The origins of the Western Cape Division lie in the Supreme Court of the Colony of the Cape of Good Hope, which was established on 1 January 1828 as the highest court of the Cape Colony. It was created by the First Charter of Justice, letters patent issued by George IV on 24 August 1827. Upon the creation of the Union of South Africa in 1910, the Supreme Court of the Cape Colony was transformed by the South Africa Act 1909 into the Cape of Good Hope Provincial Division of the new Supreme Court of South Africa.

Originally the Cape Division had jurisdiction over the whole of the Cape Province, although concurrently with the Eastern Cape (Grahamstown) and Griqualand West (Kimberley) Local Divisions in their areas of jurisdiction. However, in 1957 the Eastern Cape division was elevated to the status of a provincial division, and in 1969 the Griqualand West division was similarly elevated, becoming the Northern Cape Division. Upon elevation these divisions became independent from the Cape Division.

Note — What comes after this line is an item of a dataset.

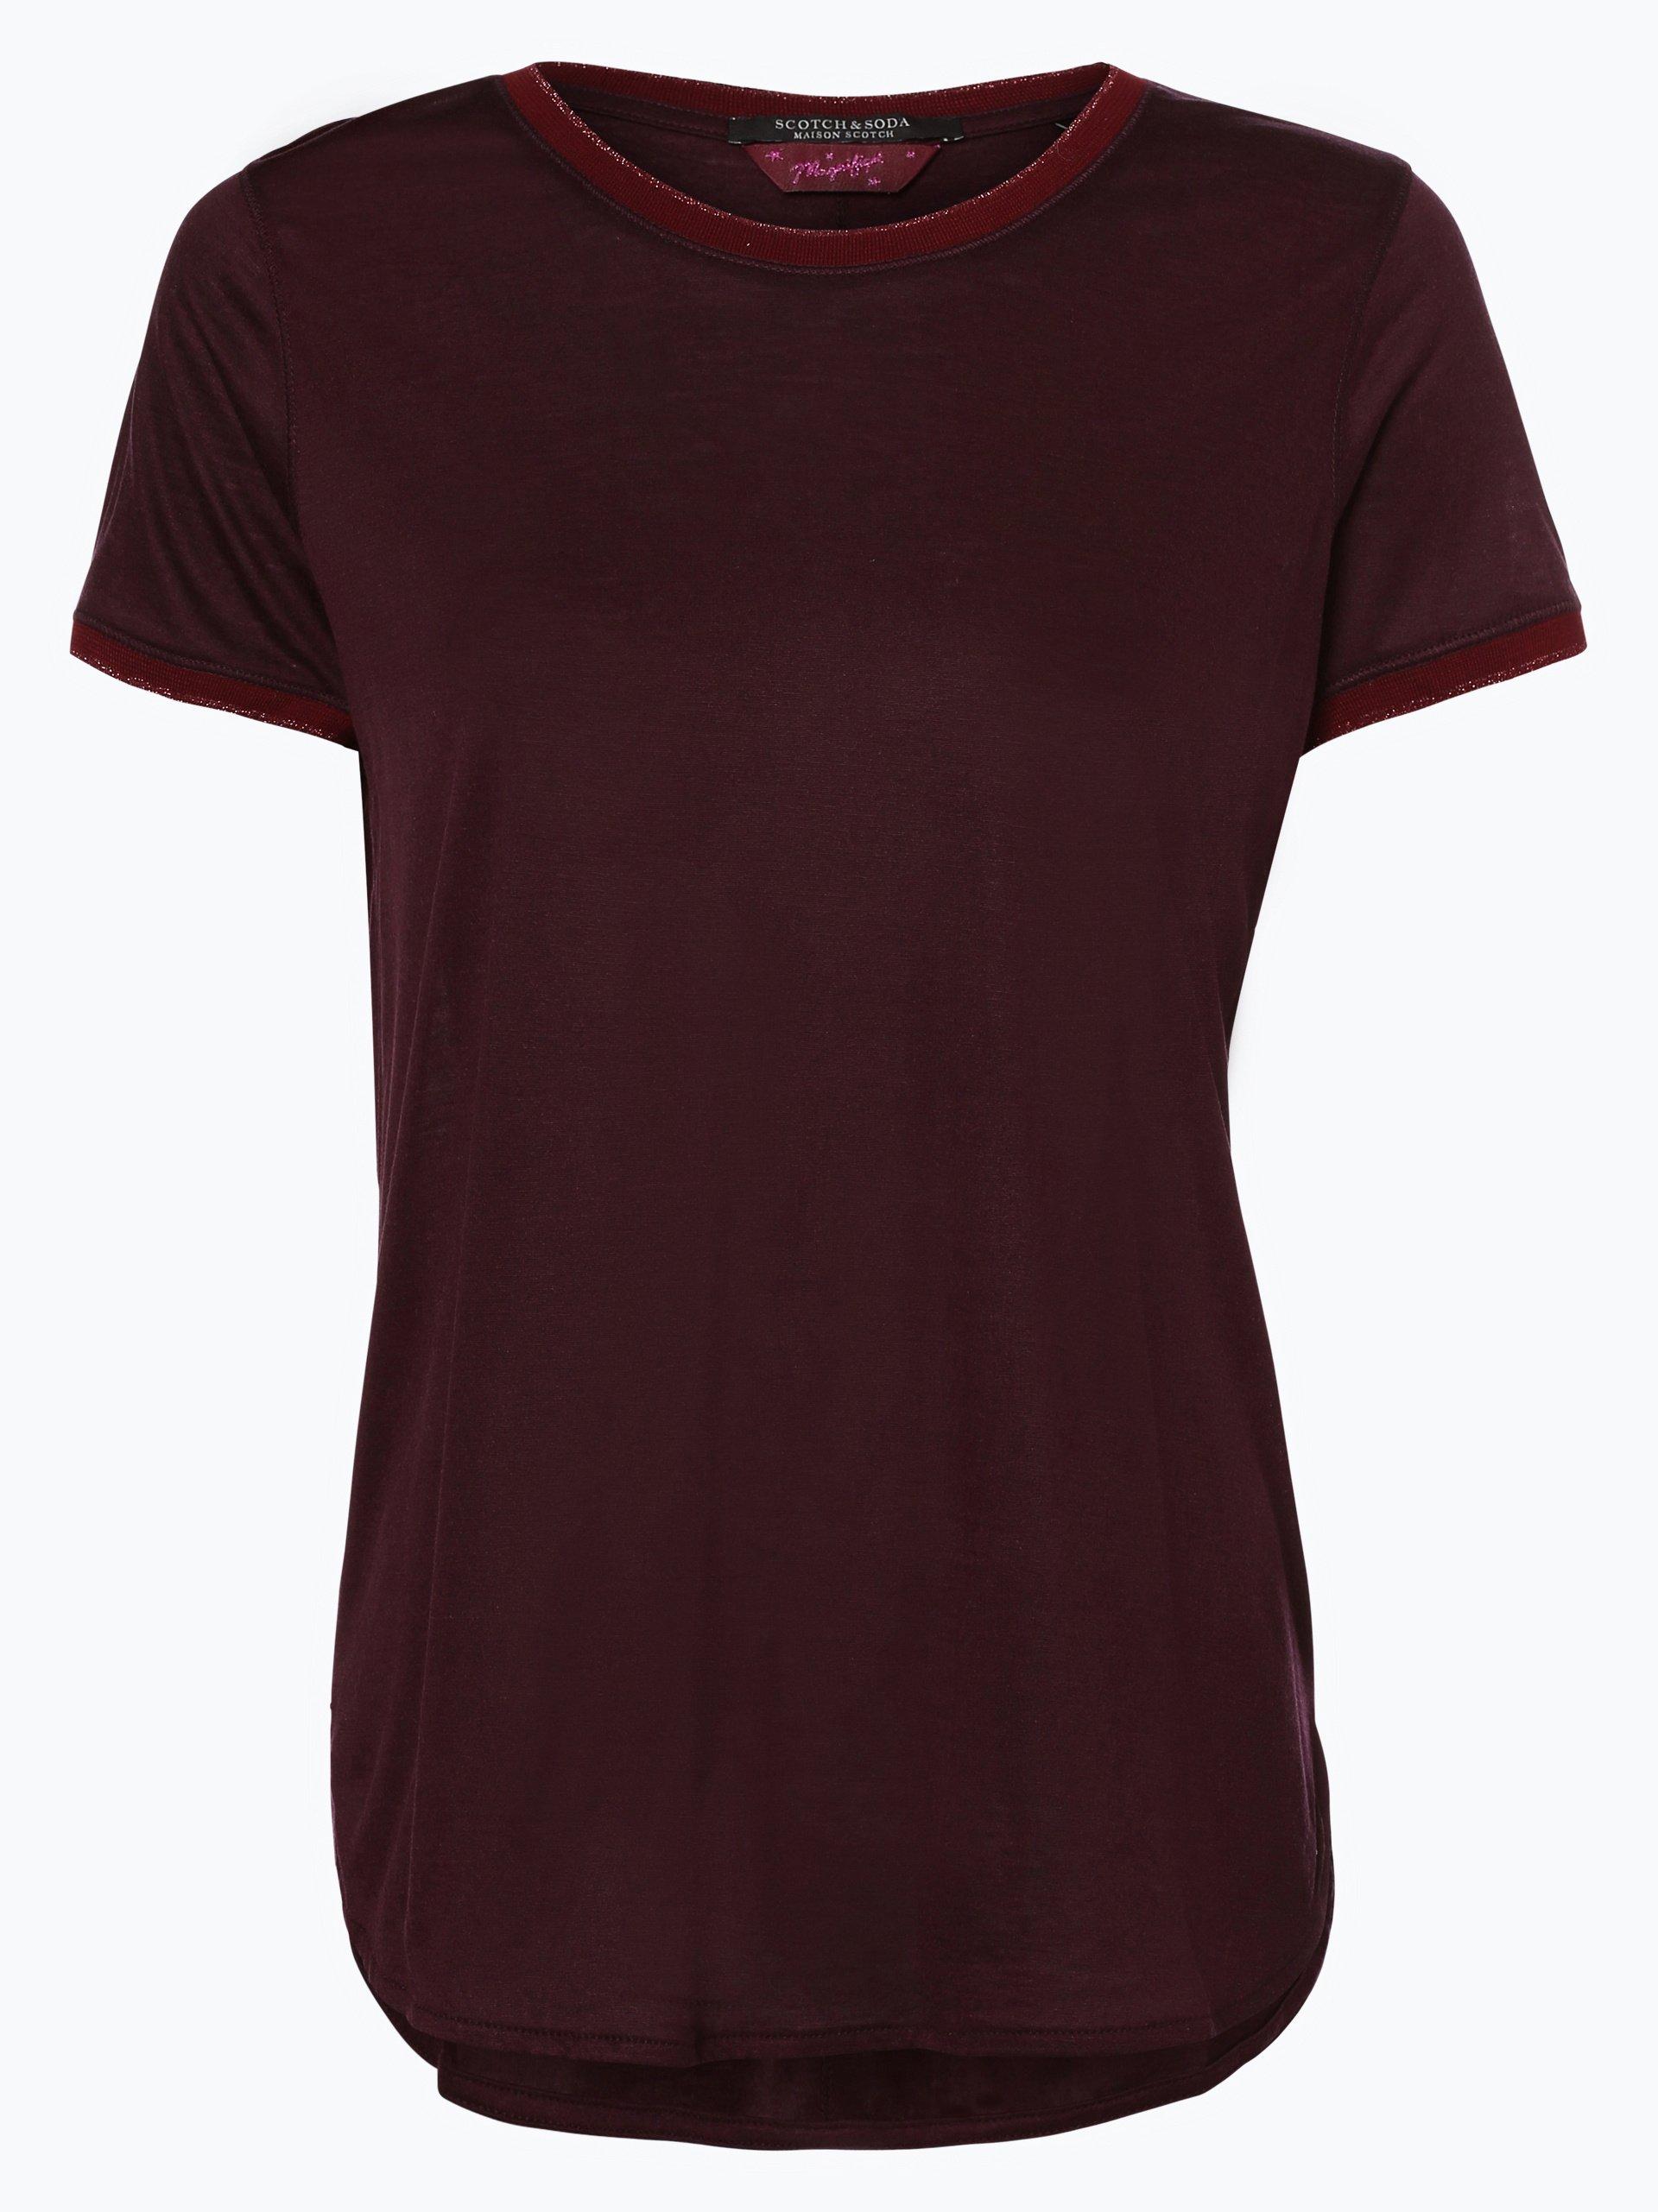 scotch soda damen t shirt bordeaux uni online kaufen. Black Bedroom Furniture Sets. Home Design Ideas

When the final Constitution of South Africa came into force in 1997, the Cape of Good Hope Division of the Supreme Court became a High Court. In 2003, in terms of the Interim Rationalisation of Jurisdiction of High Courts Act, 2001, the area of jurisdiction of the Cape High Court was modified to coincide with the boundaries of the Western Cape province. The Renaming of High Courts Act, 2008 renamed it to the "Western Cape High Court, Cape Town". In 2013, in the restructuring brought about by the Superior Courts Act, it became the Western Cape Division of the High Court of South Africa.

Judges 
The Western Cape Division has a complement of 31 judges. Judges are addressed as "the Honourable Justice", or just "My Lord" or "My Lady".  the judges are:

 John Hlophe (Judge President)
 Jeanette Traverso (Deputy JP)
 Rosheni Allie
 Elizabeth Baartman
 Ashley Binns-Ward
 André Blignault
 Leonard Bozalek
 Dennis Davis
 Siraj Desai
 Daniel Dlodlo
 Nathan Erasmus
 Chantal Fortuin
 Burton Fourie
 Patric Gamble
 Patricia Goliath
 Barend Griesel
 Robert Henney
 Andre le Grange
 Willem Louw
 Shenaaz Meer
 Tandazwa Ndita
 Vincent Saldanha
 Monde Samela
 Elize Steyn
 Anton Veldhuizen
 Basheer Waglay
 James Yekiso
 Dumisani Zondi

There are currently five vacant seats on the Bench.

Circuits 
The rural districts of the Western Cape, outside of the Cape Town metropolitan area, are divided into circuits. Judges of the division travel the circuits at least twice a year.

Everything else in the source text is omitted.